One red-eyed night when I was poring over the romance my name came from,
Lorna Doone
, it was suddenly not myself but my mother I saw in the fey and queenly little girl who's so out of place in dark Doone Glen, and my father in the character of honest John Ridd, the farm boy who grows up to be her stout-hearted yeoman lover, and who tells the story his way. It's a stirring tale: John rescues Lorna from the anarchy of her clan (we're in the wild West Country in the years of the Monmouth Rebellion and Judge Jeffreys's Bloody Assizes, the Doones are outlaws on nobody's side but their own) and discovers that she's not a Doone at all by blood, although she's
still a lady and above him: ‘She drew herself up with an air of pride . . . and turned away as if to enter some grand coach or palace; while I was so amazed, and grieved, in my raw simplicity . . .' But the author is only teasing. Despite dazzling the court in London Lorna is constant to John. He is knighted for services to the Crown and, after a marvellous scene where snarling Carver Doone shoots Lorna in church at her wedding (if he can't have her nobody will), John worsts the forces of darkness in single combat and our couple settle down to a happy ending at Plover's Barrow farm.

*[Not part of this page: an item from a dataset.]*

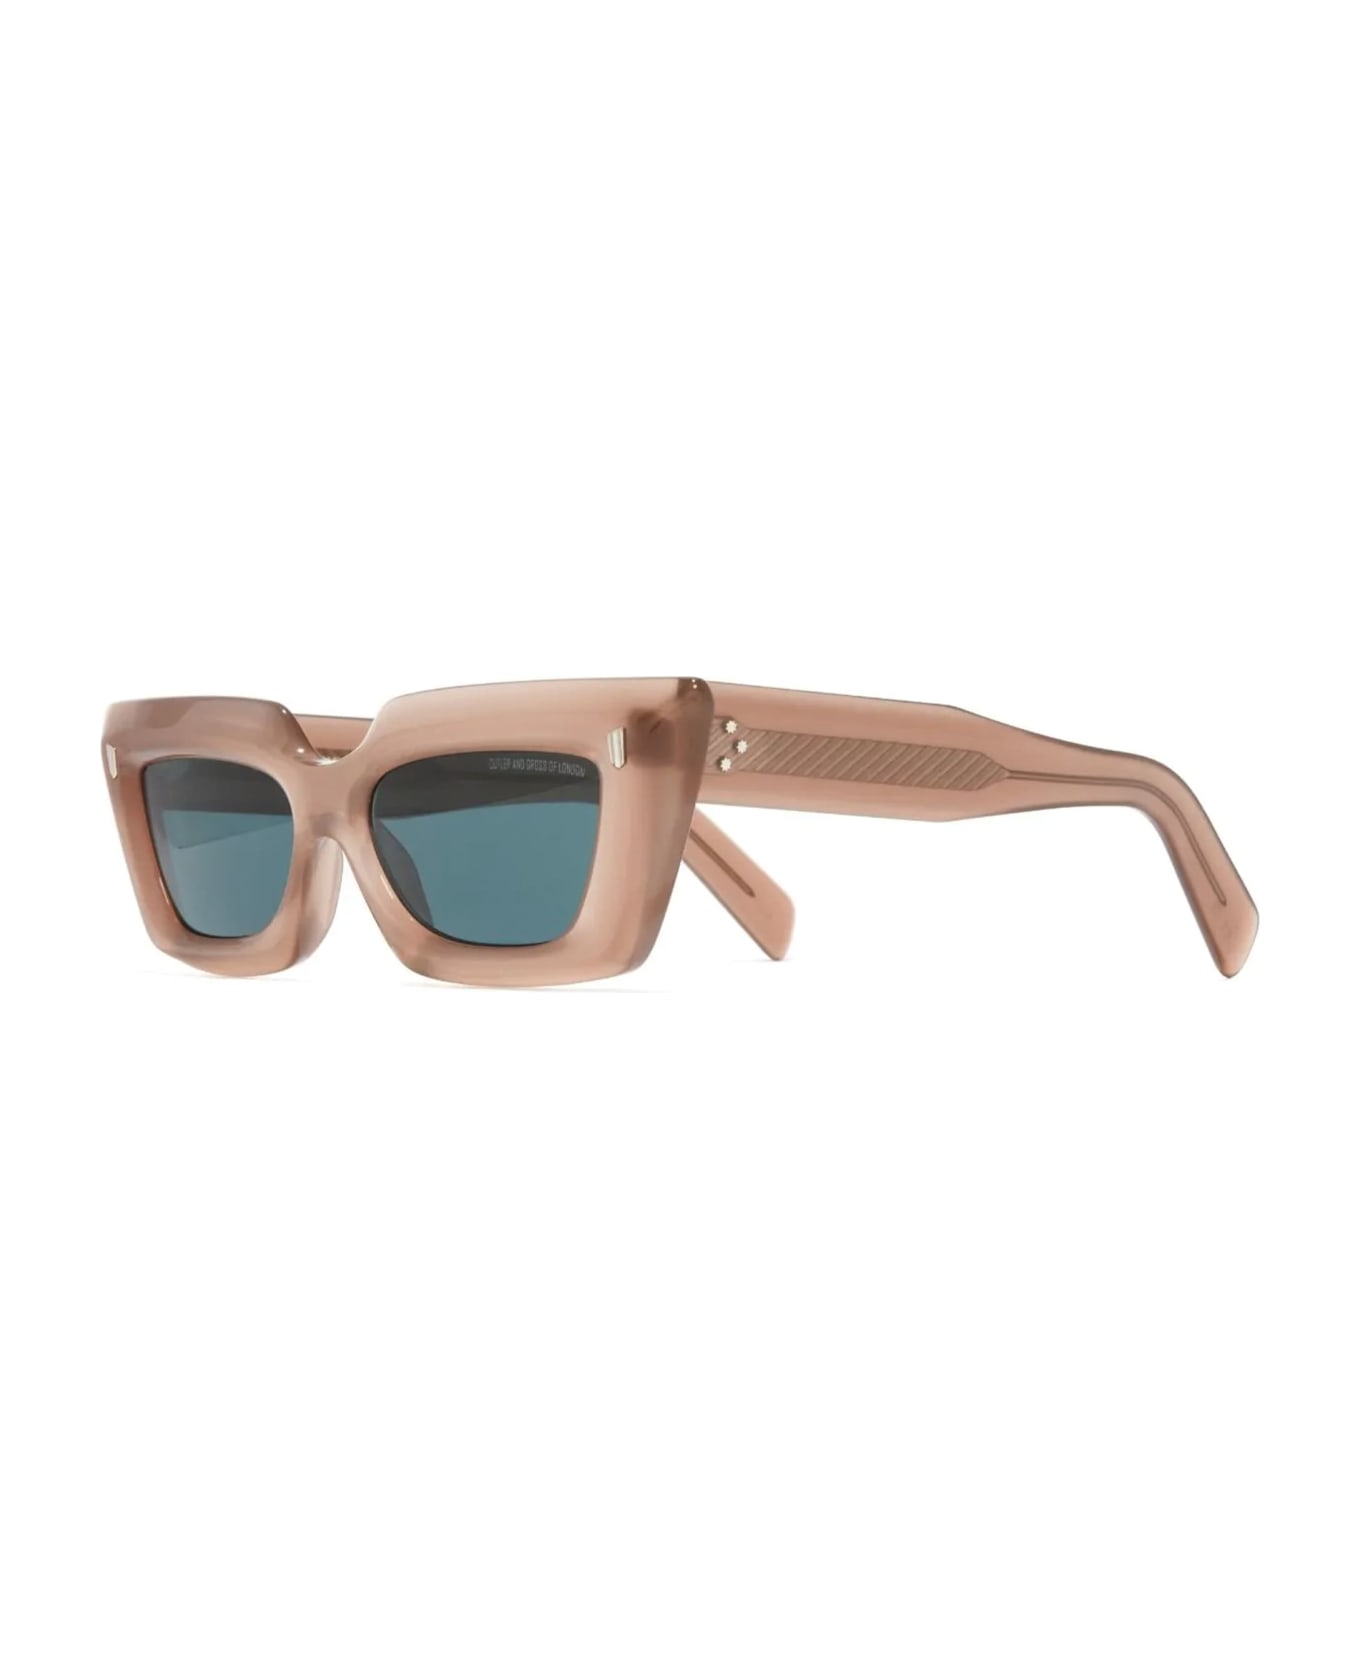 Cutler and Gross 1408 / Humble Potato Sunglasses - pink サングラス
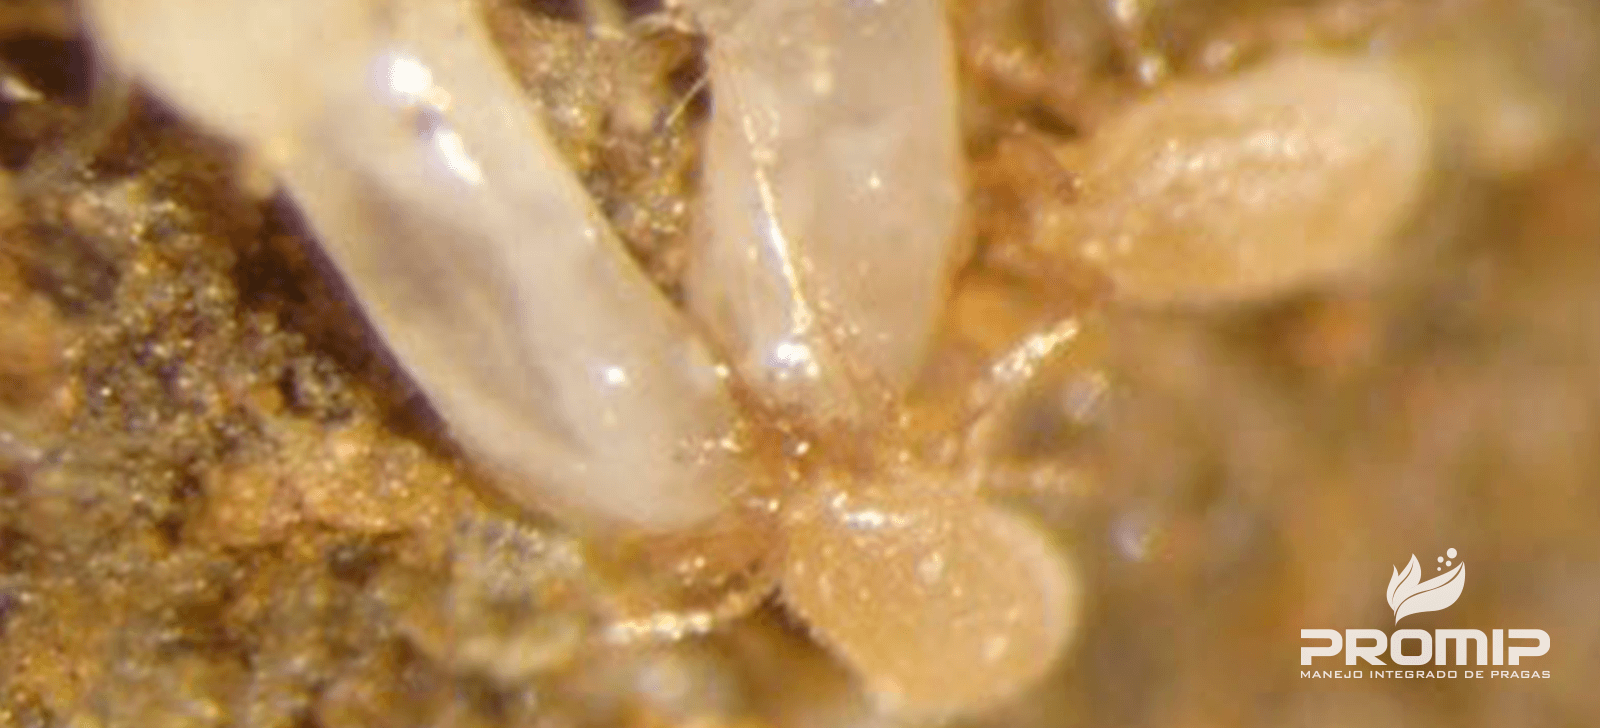 promip manejo integrado de pragas controle biologico adultoacro predador consumindo larva

I can see now why I was so struck by Lorna Doone's likeness to my mother. It's because her Victorian creator, R. D. Blackmore, an Oxford man who had previously only ‘translated from the classics without attracting very much attention' (as one biographer puts it), had dealt with the difficult but best-selling business of how to have his heroine marry ‘down' without being suspected of lust for honest John (who is over six feet tall and the local wrestling champion) by making Lorna skittishly chaste and childlike throughout. Blackmore had hit on a deviant formula for romance, where heroines – like Jane Eyre twenty years earlier – usually married the master. If the hero is not socially powerful then his masculine mystique comes into full focus, although the Victorian heroine mustn't know where to look.
Lorna Doone
innocently anticipates Lawrence. This John, like Lady Chatterley's lover, is a great believer in the natural order of things between the sexes and also speaks with a bit of a burr when he remembers to. For instance:

I know that up the country, women are allowed to reap . . . But in our part, women do what seems their proper business, following well behind the men, out of harm of the swinging-hook, and stooping with their breasts and arms up they catch
the swathes of corn, where the reapers cast them, and tucking them together tightly with a wisp laid under them, this they fetch around and twist, with a knee to keep it close . . .

Although this is just an aside on country customs, it suggests the sort of preaching about proper positions Mellors goes in for. Blackmore's heroine wouldn't be seen dead in a cornfield – after all, we are dealing in symbols: John Ridd's charm for Lorna resides in the firm authority underlying his deference. She can stay a young girl for ever. It wasn't at all a perfect allegory of my father's relations with my mother, since John Ridd has cosy Plover's Barrow and
his
mother to mother his child bride when he gets her home. But you can't have everything.

Grandpa about to give my mother away, 1942

What I like to think is that Grandpa had been inwardly seething like Carver Doone at their wedding, marching his daughter to church and handing her over to this honest John,
and that's why the name popped into his head when I was born. Like Carver, he'd have wickedly despised my father's John Riddish combination of conscious virtue, modesty and manly prowess. Eric was a natural for the role of responsible adult when he came back from the army after the war: Grandpa was eager for him to take it on, too, since it mainly meant my father trying to balance the vicarage books out of his own pocket. Grandpa could still clutch the skirts of his clerical dignity round him and appeal to his higher Authority. After his death, my father had not even this shadow of a rival for the part of patriarch and, young as he was (thirty-three in 1952), his army training predisposed him to take it very seriously. On the Home Front everything conspired to make him a martinet.